Data for the task:
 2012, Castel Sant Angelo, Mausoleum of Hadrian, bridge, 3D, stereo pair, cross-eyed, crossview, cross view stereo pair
--
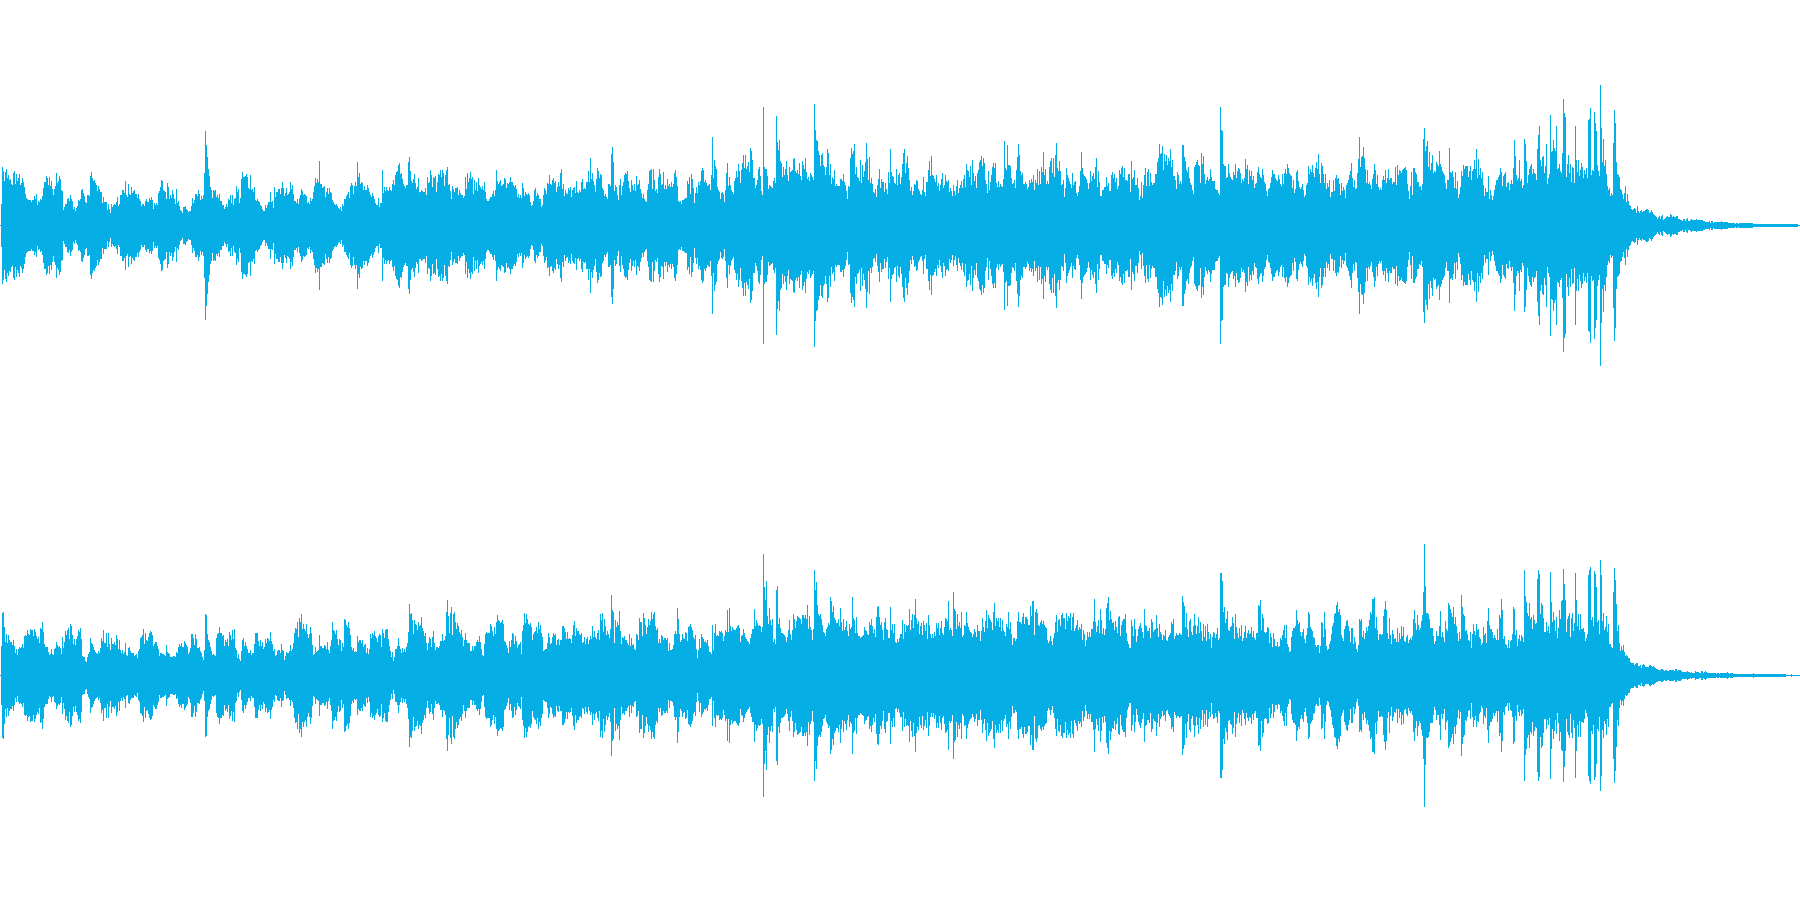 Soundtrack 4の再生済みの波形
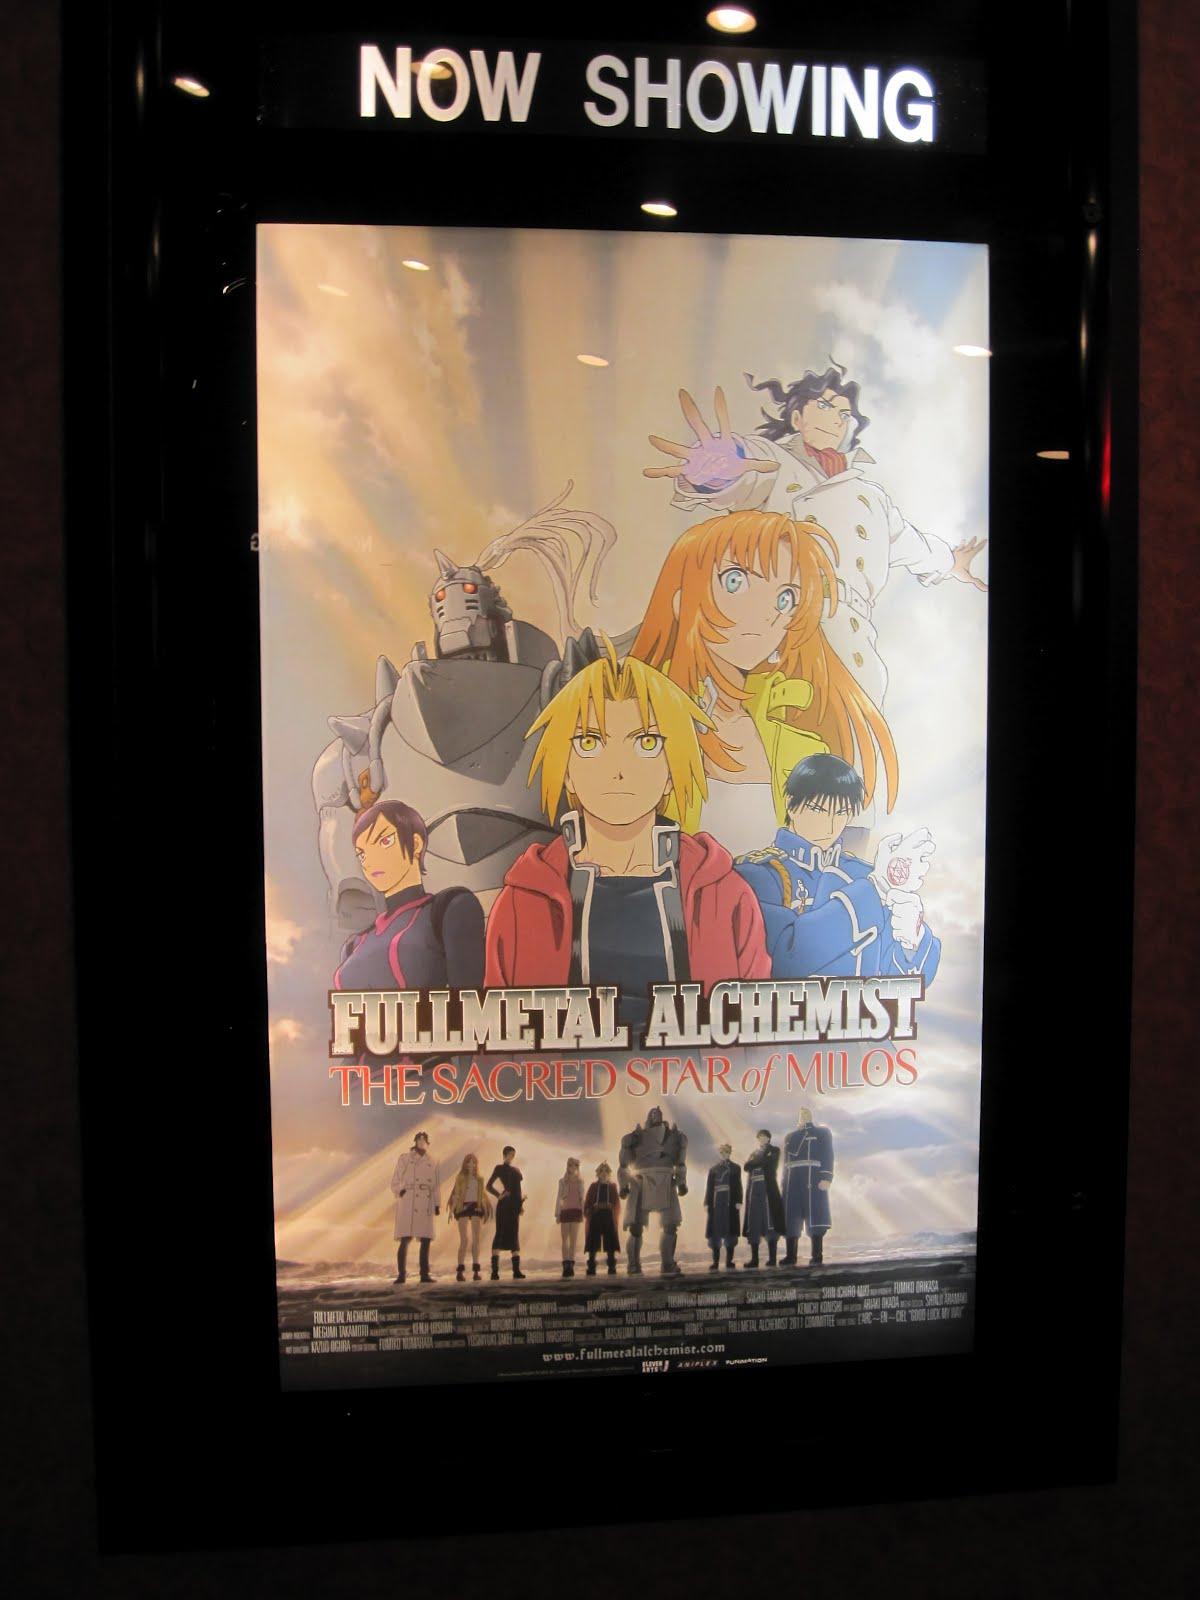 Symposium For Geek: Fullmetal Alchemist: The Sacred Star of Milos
---
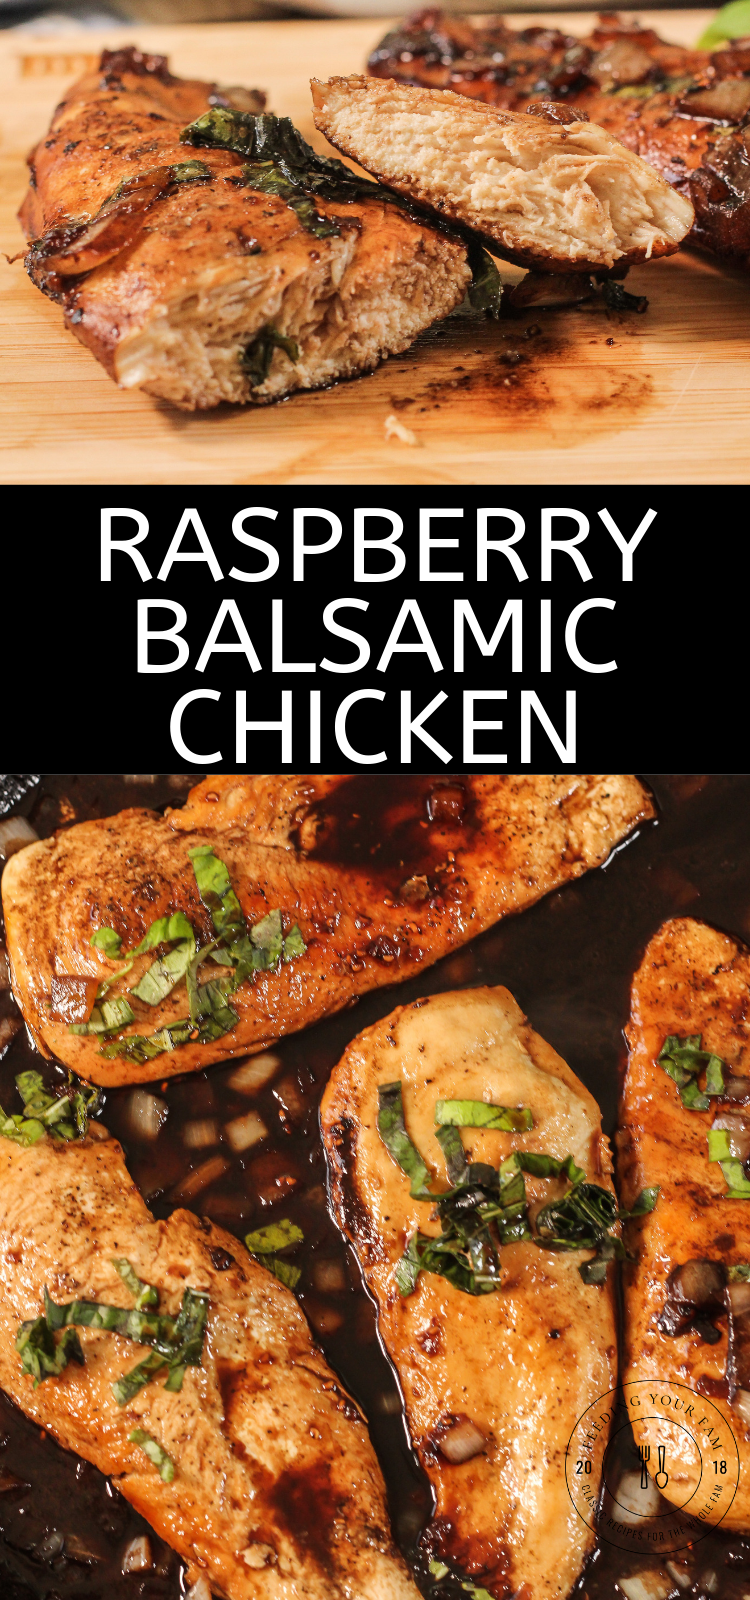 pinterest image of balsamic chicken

Assignment:
Only the lines above from the one with "Soundtrack 4の再生済みの波形" to the one with "Symposium For Geek: Fullmetal" should be printed, both included and exactly as written; no picture belongs in the copy.

Reply:
 Soundtrack 4の再生済みの波形
 Symposium For Geek: Fullmetal Alchemist: The Sacred Star of Milos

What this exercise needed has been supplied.